Exercise prompt
Drop every picture, then transcribe the remaining data exactly.

Supplied material

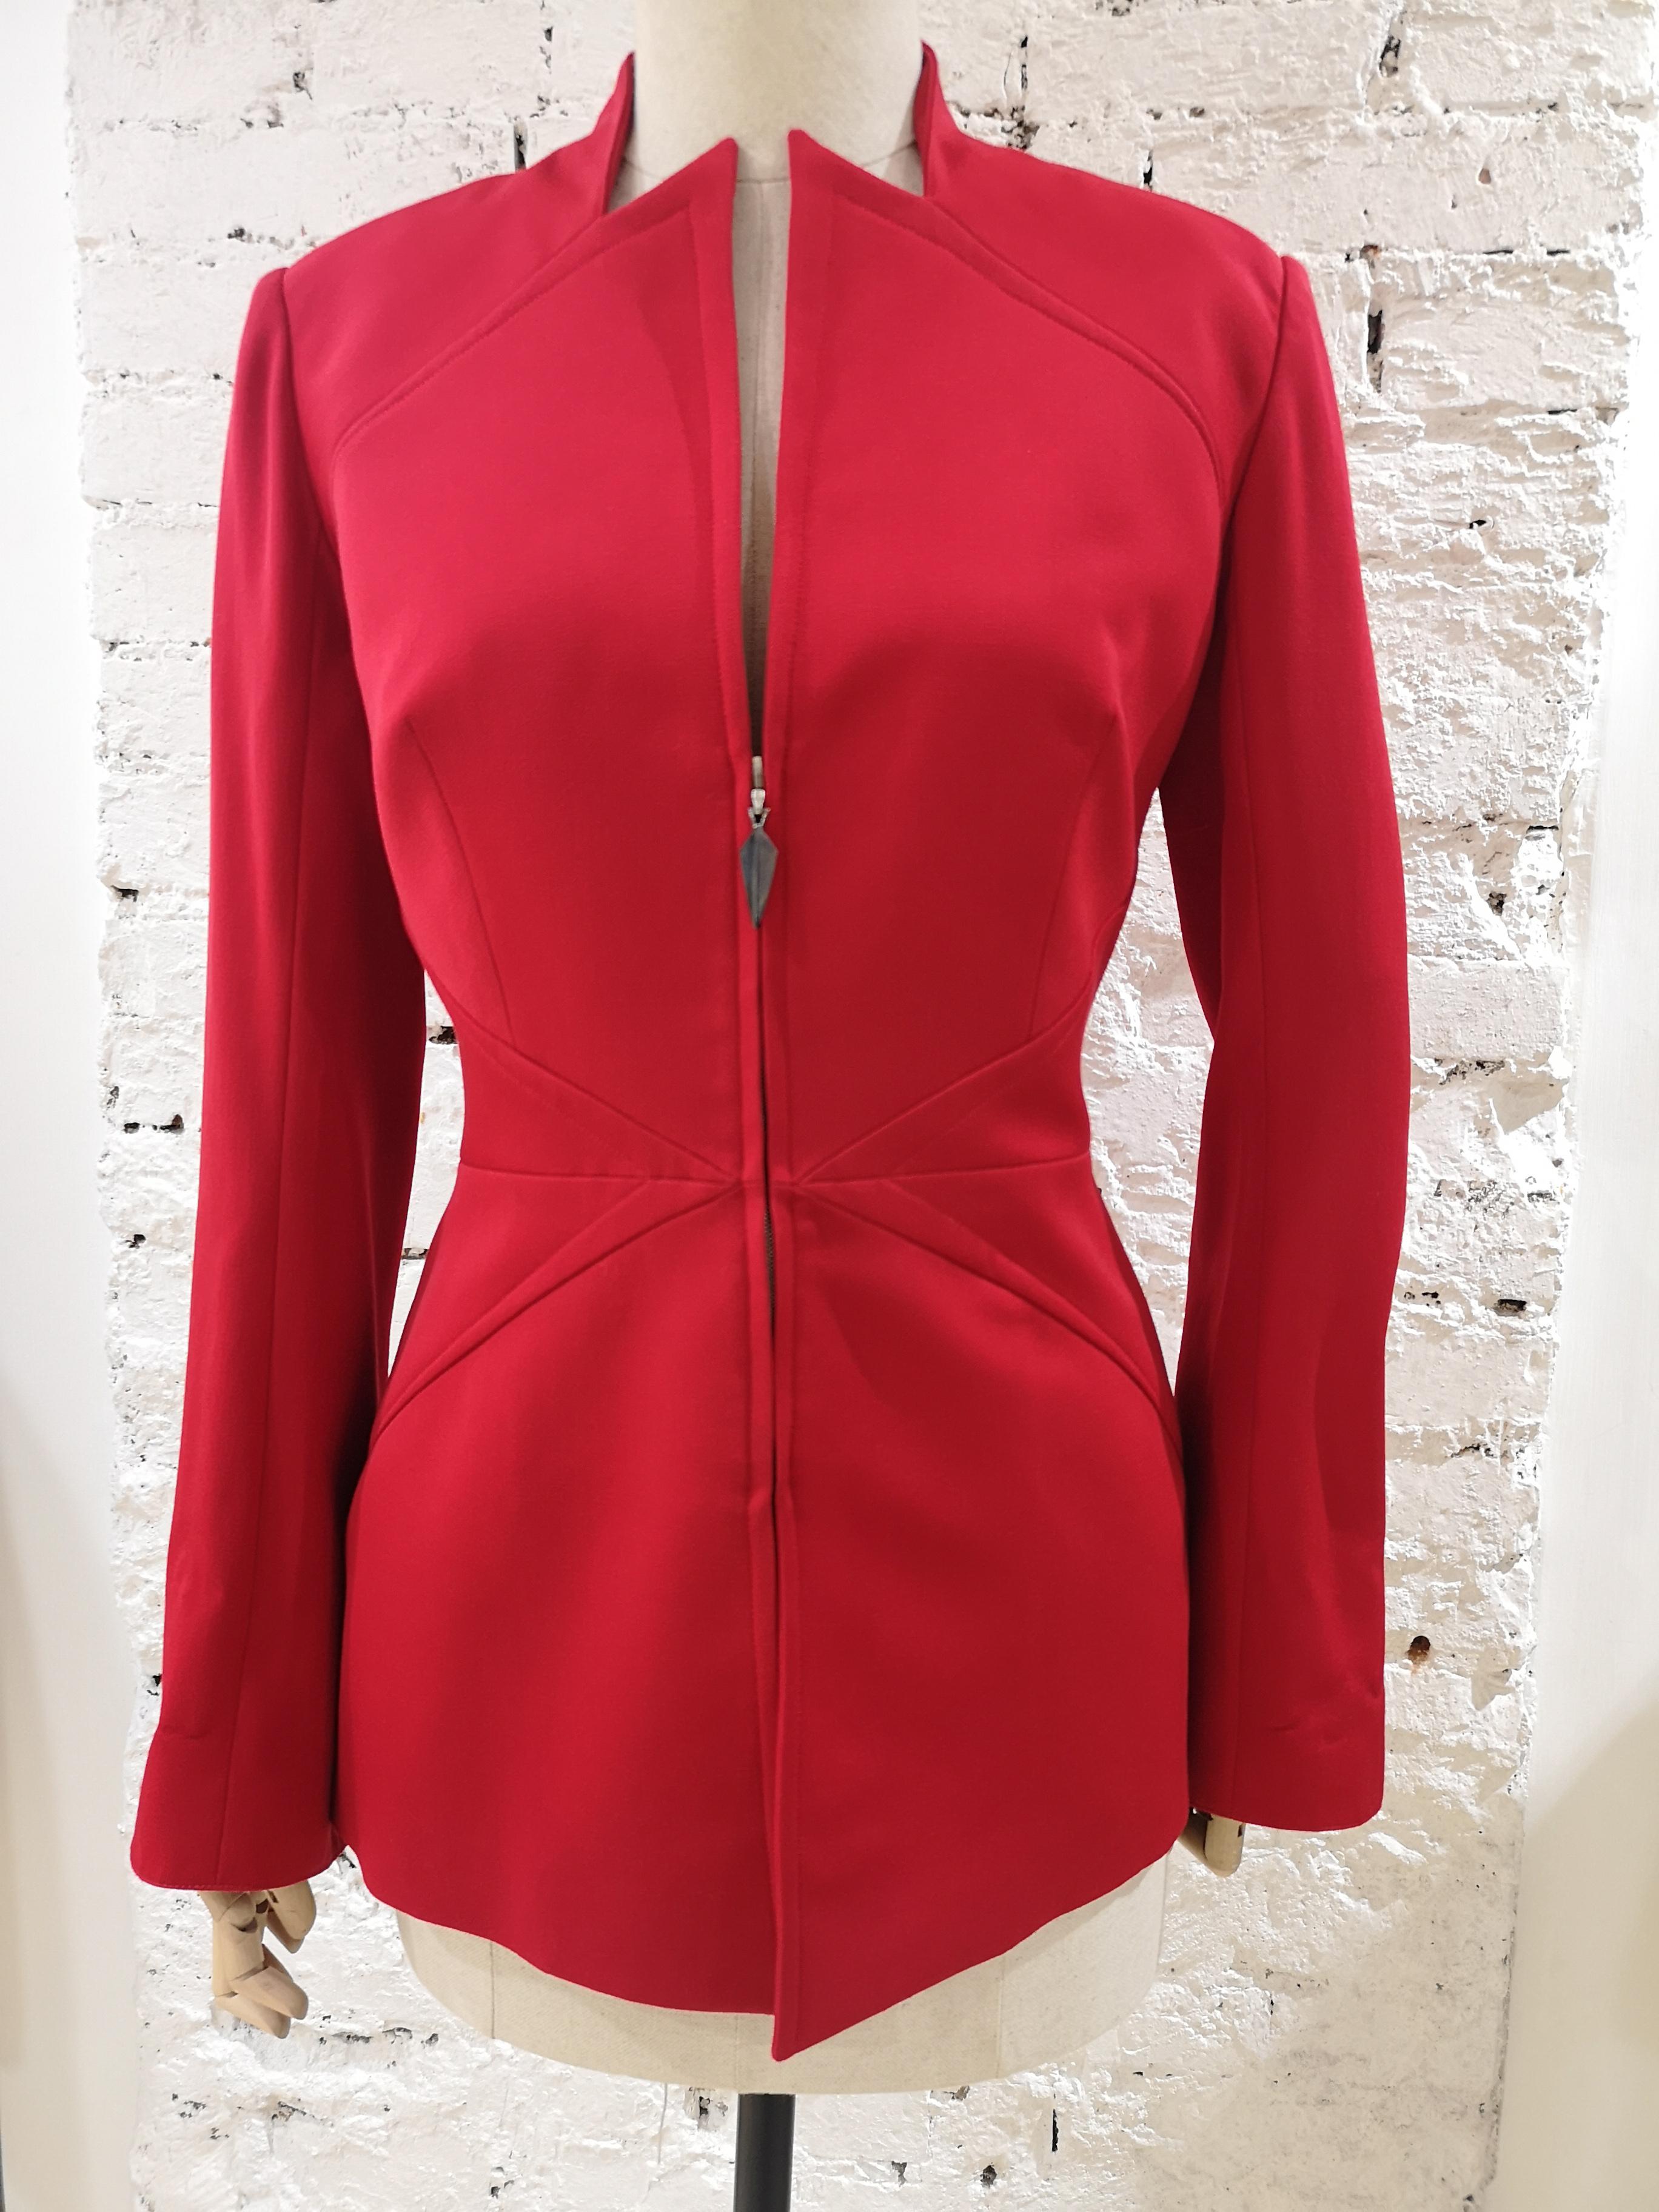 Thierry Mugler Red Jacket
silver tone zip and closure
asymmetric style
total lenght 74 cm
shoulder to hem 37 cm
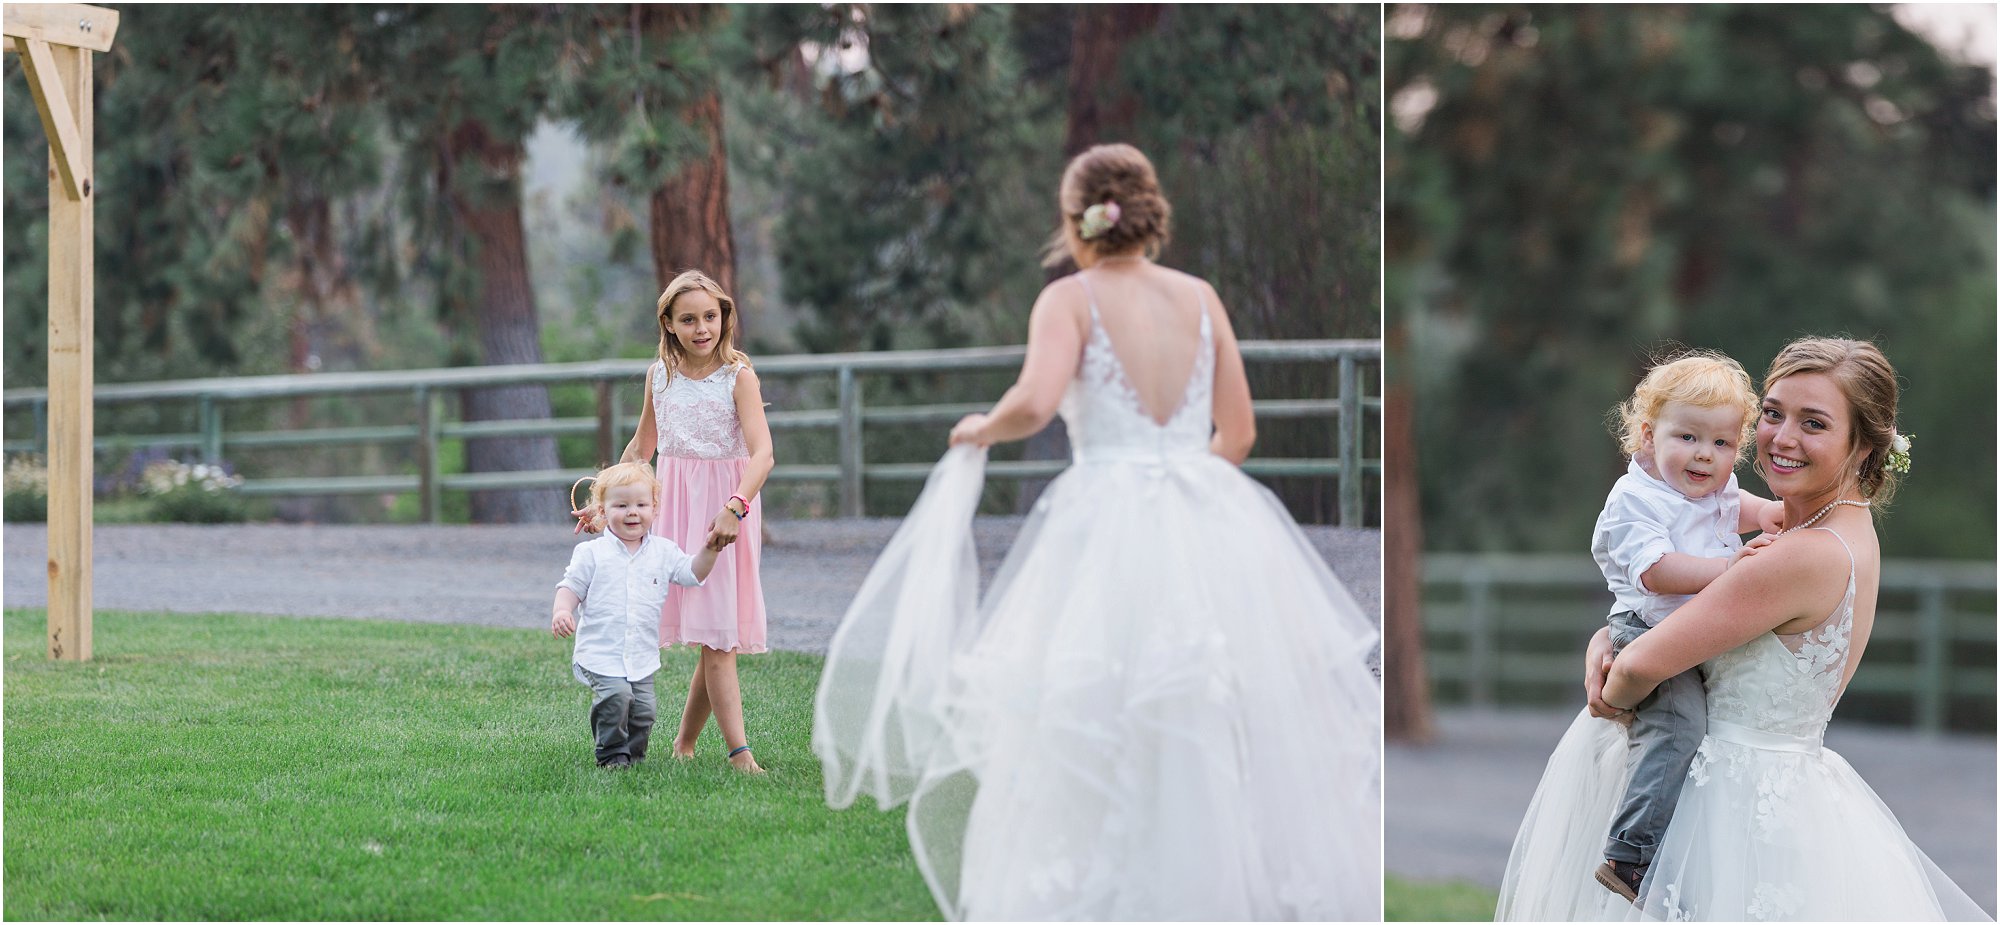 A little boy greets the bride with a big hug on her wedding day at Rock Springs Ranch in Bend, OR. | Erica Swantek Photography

Written reply
 Thierry Mugler Red Jacket
silver tone zip and closure
asymmetric style
total lenght 74 cm
shoulder to hem 37 cm
 A little boy greets the bride with a big hug on her wedding day at Rock Springs Ranch in Bend, OR. | Erica Swantek Photography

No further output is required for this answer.